O da candır. Oyun içi konsantrasyonunun ne kadar yüksek seviyede olduğunu maçın sonlarında 10 saniye içinde yaptığı iki kurtarışla anlatabiliriz.

Göztepe’ye maç boyunca tek bir organize atak şansı vermeyen yeşil siyahlılar uzatma anlarında uzaktan çekilen şutta Gökhan’ın harika kurtarışıyla nefes aldı ve üst üste 5 maçını kazanan Göztepe’yi İzmir’de devirdi.

Geçen sezonki şampiyonluğun mimarı olan ancak bu sezon sahaya çıkamayan Gökhan’ın profesyonelliğini de başköşeye koymamız lazım.

BİR İNCE DAHA BERIDZE

Bu maç için herkesin öne çıkarabileceği bir futbolcu olabilir.

Kimseyi ayıramam ama pek sözü edilmeyen bir futbolcudan, Beridze’den bahsetmek istiyorum.

Doğru, inişli çıkışlı bir grafiği var.

Ama Göztepe maçı kendisi adına en yararlı olduğu maçtı.
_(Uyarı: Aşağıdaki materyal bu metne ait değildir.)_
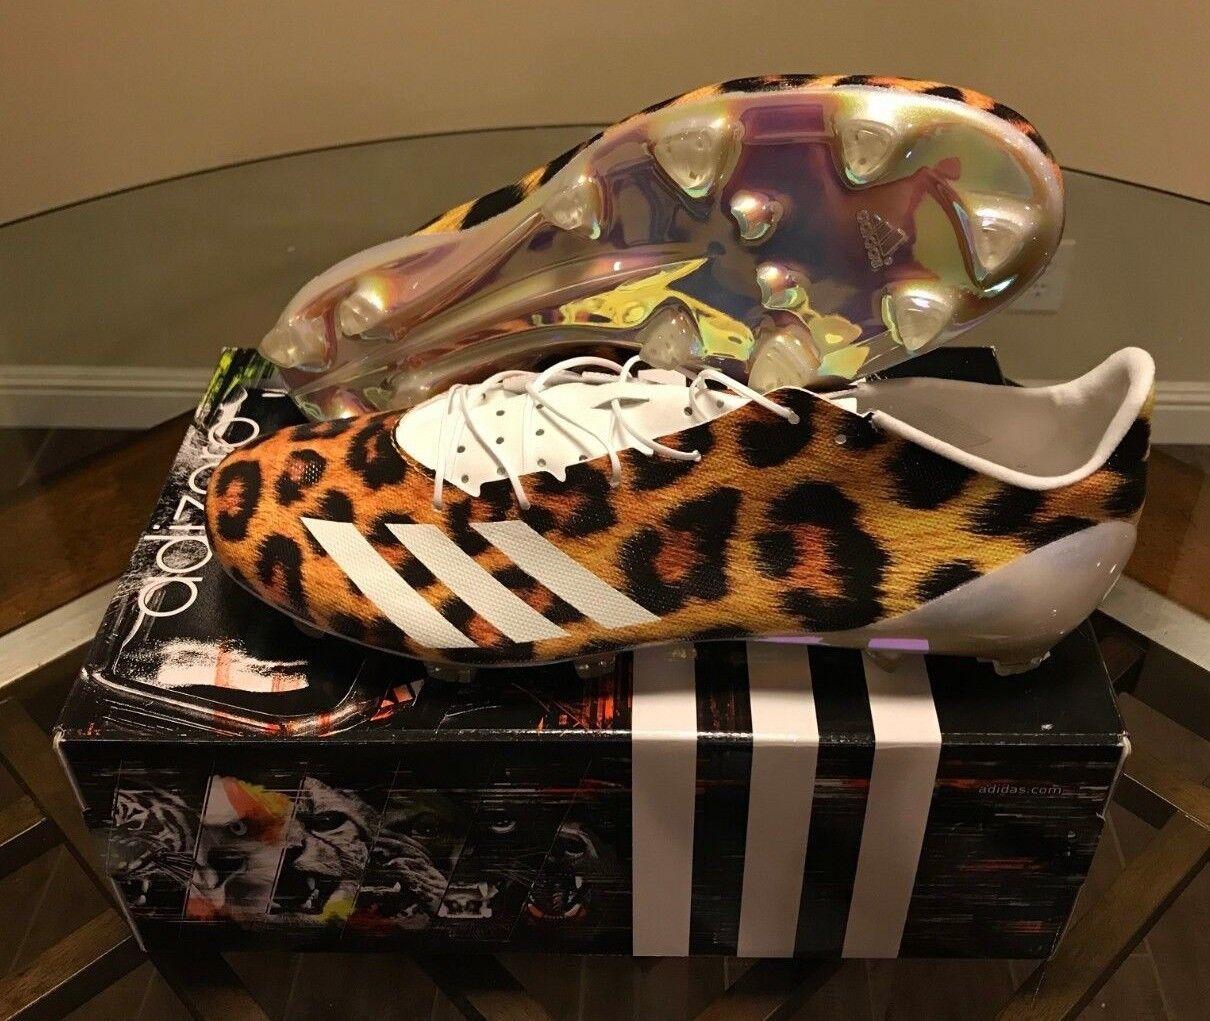 RARE NIB Adidas Adizero 5-Star 40 Uncaged Football Cleats Leopard B42459 Sz 13.5

Her ne kadar kanadında ligin en ofansif sağ beklerinden birisi Ogün olmasa da, maç genelindeki driplingleri, iyi niyeti ve çalışkanlığı ile bana göre bir ince öne çıktı.

OĞUZ NELER YAPTI ÖYLE

Keza Oğuz Ceylan…

Sanıyorum dakika 80’lere doğru geliyordu, bir baktım Oğuz ilk presi yapan isim!

Olacak iş değil… Bu futbolcunun maç içinde 3 kez ayağına kramp girdi!

Çok saygı duymak lazım.

Lafı çok dolandırmayacağım.

Ertuğrul Sağlam’ın okuduğu rakibe karşılık yaptığı hamleler, inanç, kararlılık ve saha içi yardımlaşması haklı bir galibiyet getirdi.

800 BİN EURO, AMA?

Göztepe’nin eksiklerini belki konuşabiliriz ama Kocaelispor’da Kouakou ve Amaral, yani toplam 800 bin Euro’luk futbolculardan Göztepe galibiyetine dair tek bir dakika bile çıkmadı!

Göztepe tarafının küfürleri için ise… Herkes kendine yakışanı yapar.

Kocaelispor taraftarını canlı canlı görmek de onlar için derslik bir görüntü olmuştur sanırım.

He o fileleri de bir sonraki deplasman maçına kadar inşallah yetiştiremezler.

Dünya’nın en gereksiz iki işi Göztepe Gürsel Aksel Stadı’ndaydı. İlki maç başlamadan saha içine koyulan anlamsız bariyerler, ikincisi de deplasman tribünü üzerindeki gereksiz, amaçsız file.

Açıkçası Göztepe taraftarının yaşadığı travma sert geçiyordur.

Gerçekten kolay değil. Sen o kadar yırtın, o kadar tribünleri doldur, maç boyunca tek bir organize atak geliştireme, dahası Sakarya’ya yaranacağım diye düşman bellediğin takıma evinde mağlup ol..!

Gerçekten can yakar…

He bu arada dostluk bozuldu, kardeşlik bitti muhabbetleri yapılıyor…

Bana ne..!

Her neyse…

Göztepe galibiyetinden ötürü tüm takımı tebrik ediyor, şehri Çorum maçına davet ediyorum.

Yönetimin de bunu fırsata çevirmemesini ve bilet fiyatları ile ilgili kolaylık sağlamasının şart olduğunu düşünüyorum.